In particular, he owes this aphorism of great wisdom: “The sovereign must listen without delay to all urgent requests without ever rejecting them. If they postpone them, they will prove to be too difficult or even impossible to deal with it. ” Is not that Mr. Macron’s situation?
The first round of the French presidential election has indeed delivered a life-size photograph quite clear of the demands of the French people, that the second round did not finally change despite a seemingly massive victory of the young new president. Broadly speaking, four major political families, but primarily socio-economic and ideological, families have expressed themselves. They have each obtained between 7 and 8 million votes, and there is nothing to hope for now that one family outweighs the others.
Four political areas tough to reconcile
First, that of Emmanuel Macron (EM), which could be described as liberal-liberal on a double cultural and economic axis, collected 8.4 million votes, ie 18% of registered voters, a little more than one in six, including more than a quarter of “useful vote” against the National Front (FN) according to opinion polls. There was little change in the lines during the second as Mr. Macron got 20.5 million votes but more than half to eliminate the FN candidate and not by positively supporting the liberal EM program.
The second family, that of the qualifier of the second round, Mrs Le Pen, whose 7.6 million votes in the first round, that is divided by half between a popular protest vote and the expression of a traditional French far right who went until allying with Nazi Germany during the Second World War. Mr. Macron made a significant gesture when he visited the Whirpool factory, that will be relocated to Poland in 2018. But his answers to the massive redundancies -vocational training and research of a buyer- have not really convinced a working class affected by mass unemployment in France. The proof, Ms. Le Pen gained 12.4 million votes in the second round, more than double that of her father in the second round of the 2002 presidential election against Jacques Chirac. Never has France seen such a strength of a National Socialist party which is the sheer FN ideology.

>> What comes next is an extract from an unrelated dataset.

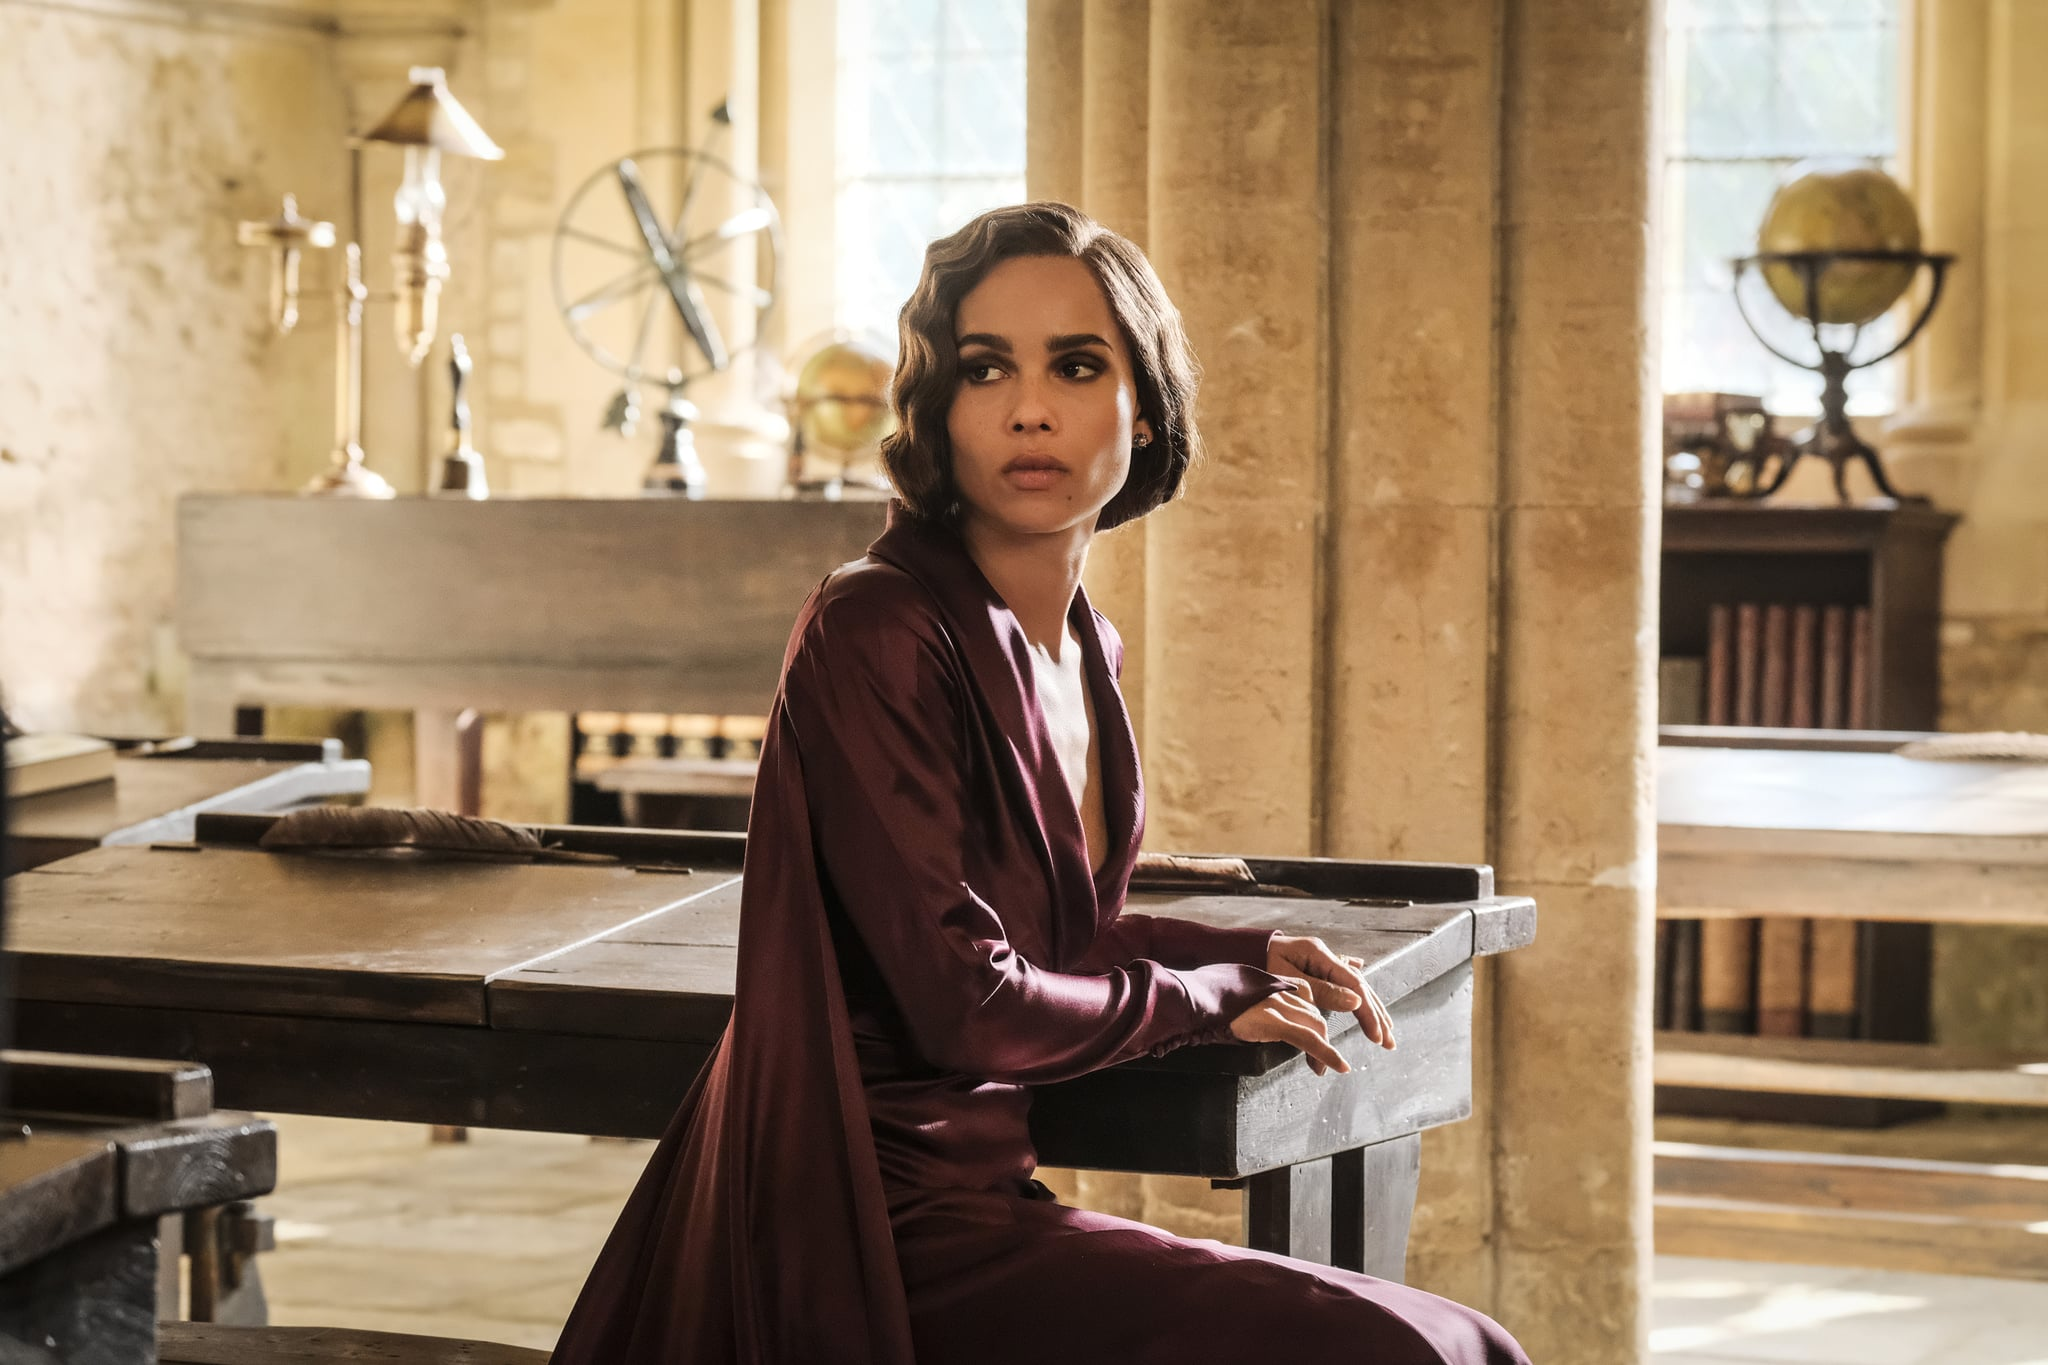 American actress Zoe Kravitz as Leta Lestrange is Fantastic Beasts: Crimes of Grindelwald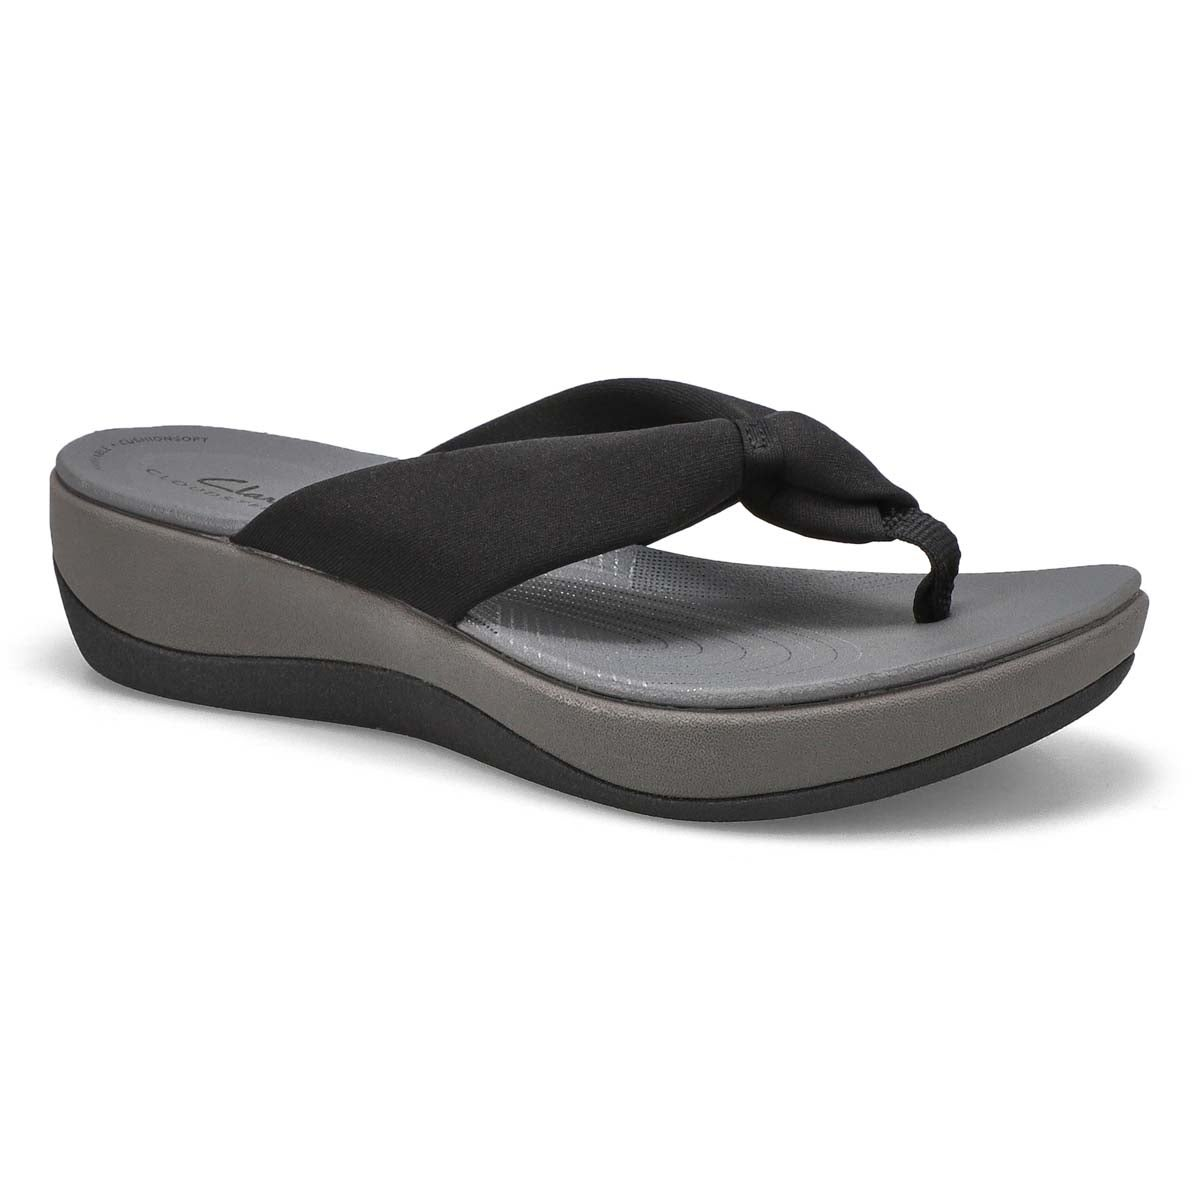 Lds Arla Glison black thong wedge sandal

The absentees of the second round
Then there are the other two families not represented during the second round, whose votes were divided between the two candidates but and the abstention or the vote Nil. Nearly 17 million voters refused to express a choice between EM and FN, i.e., more than one French out of three.
On the one hand, the politically conservative and economically liberal current represented by Mr. Fillon (Les Républicains). This candidate received a big win in the autumn of 2016, but some morality matters totally discredited him. Despite this, he got 7 to 8 million votes also in the 1st round which was then divided between the three main voting options of the second round. EM actually won without fighting those who were close enough to him, including the center-right (UDI) and the progressive right (Juppé). There remains the other half, including the Catholic tradition which has never stopped hesitating between its values and its soul to the point that the Catholic hierarchy did not express any voting instructions unlike the other churches clearly in favor of Macron. Half voted for the FN; half stayed home.
The last family, between 8 and 9 million voters around a radical social, anti-liberal and ecological movement, called the alter-globalist movement. They are at least as European as Macron, but not for the same type of European construction. Messrs. Mélenchon and Hamon expressed their hopes, but with a very strong divergence on the way to negotiate with the European Union: to threaten to leave the EU and thus the Eurozone or to fight within the existing institutions. We found this divergence in a very different vote during the second round: in favor of EM from most of the supporters of the socialist Hamon, rather the abstention or the void vote among the Insoumis of Mélenchon. Will they succeed in making their unity for what the French call the 3rd round, ie the elections to parliament? Nothing less sure.
The Macron Dilemma
Everyone agrees that Mr. Macron won the French presidential election but four figures show that his victory is fragile. He was first elected by only 43% of the registrants with a record abstention or nil rate of 34%. It was then a default choice for nearly half of its voters who voted for him not by supporting positively his program but to block the road to the FN. Third, the latter gathered a record of votes -11 million – and attempt now to present itself as the only opposition force. Finally, two-thirds of the French polled after their vote said they do not want to give Macron an absolute majority in the National Assembly.
The only salvation route for Mr. Macron is then either to try to “divide and rule” – rather the current tactics – or to reach out to create a “republican front” with a consensual program.
The task is difficult, if not impossible according to his advisers, but that Chanakya would, of course, recommend a wise king. This is what is at stake in the coming weeks, with both internal and international consequences, since Macron will have to choose between one Atlanticist policy or a Gaullo-Mitterrandian diplomacy, that is to say, a very French option of a policy of non-alignment but not Anti-American by principle.